要点をわかりやすく解説しますので、しっかり理解しましょう。

1-1: 通過儀礼の定義・意味

冒頭の繰り返しになりますが、通過儀礼とは、

人生の節目に経験する「人生儀礼」「移行儀礼」「加入儀礼」

を指します。

それぞれの儀礼を簡単に説明すると、

  • 人生儀礼:誕生・成人・結婚・死などの人生の節目に経験する儀礼
  • 移行儀礼:特定の場所から別の場所に移動する際の儀礼
  • 加入儀礼:教団などへの入社式や、王の即位式を祝う儀礼

といえます。

このように「通過儀礼」は「人生儀礼」「移行儀礼」「加入儀礼」のすべてを意味する包括的な言葉です。

漠然としていてわかりにくい言葉ですが、個人の地位や身分が変更される際におこなわれる儀礼が通過儀礼、と呼ばれます。この点を覚えておきましょう。



1-2: ヴァン=ジェネップの通過儀礼に関する研究

通過儀礼とはなにかアルノルト・ヴァン=ジェネップ(1873-1957)

「通過儀礼」とは、そもそもフランス人文化人類学者のヴァン=ジェネップが使った言葉です。

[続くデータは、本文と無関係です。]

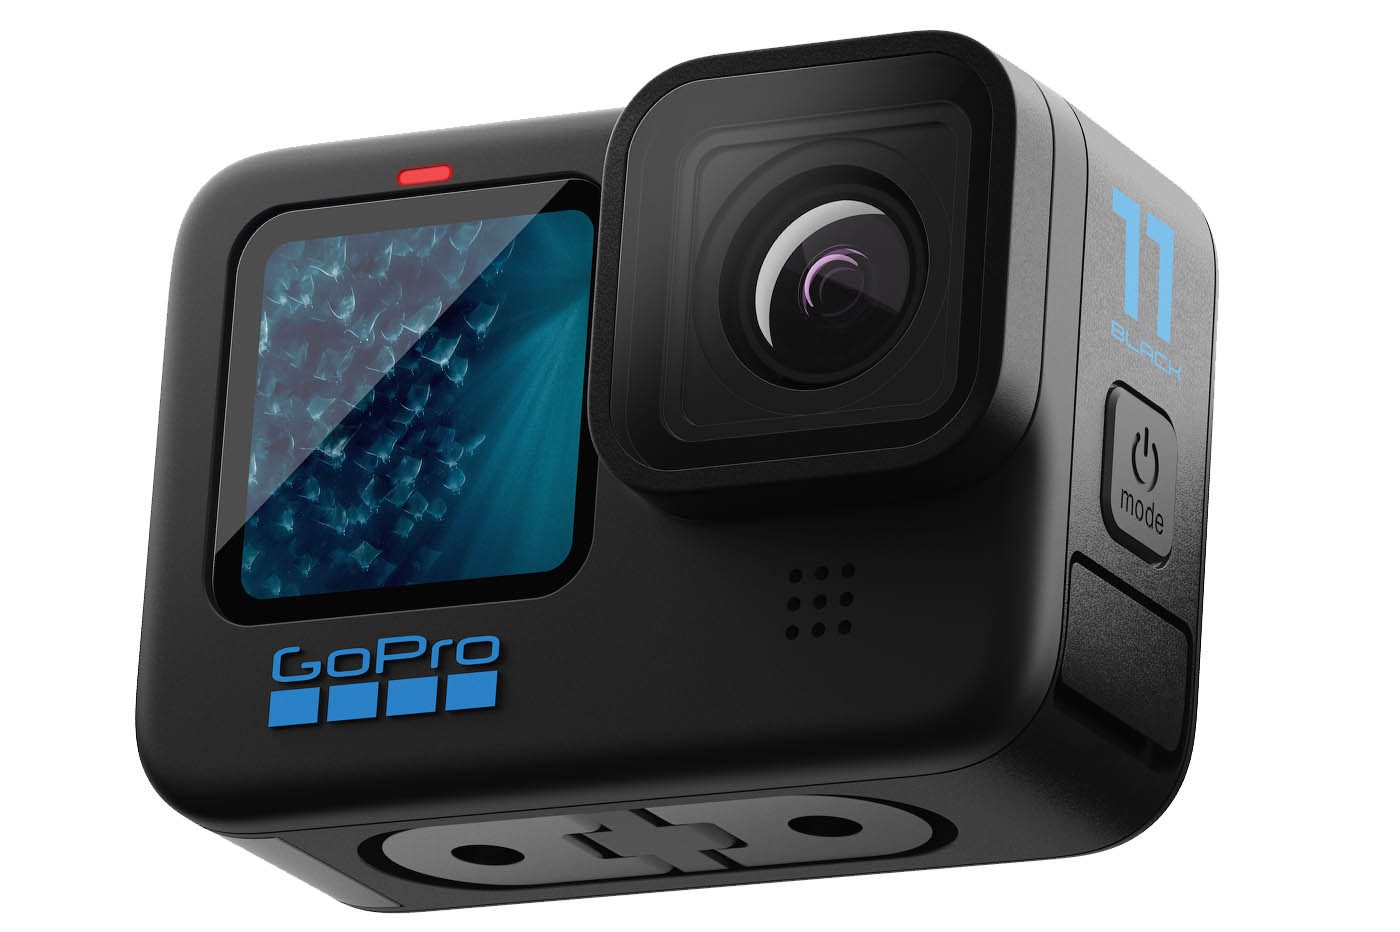 Kit boîtier transparent pour caméra d'action ou GoPro HERO 9 pas

世界各地で儀礼はおこなれますが、彼はその儀礼のなかにある共通の特徴を通過儀礼という言葉で説明しようとしました。

ヴァン=ジェネップによると、通過儀礼とは、

  1. 現在の状態からの「分離」
  2. どの状態でもない「過渡」
  3. 新しい状態に向けた「統合」

という3つの局面で構成される儀礼です。

定義的な説明が続くと抽象的でわかりにくいと思いますので、世界と日本における通過儀礼の例を確認します。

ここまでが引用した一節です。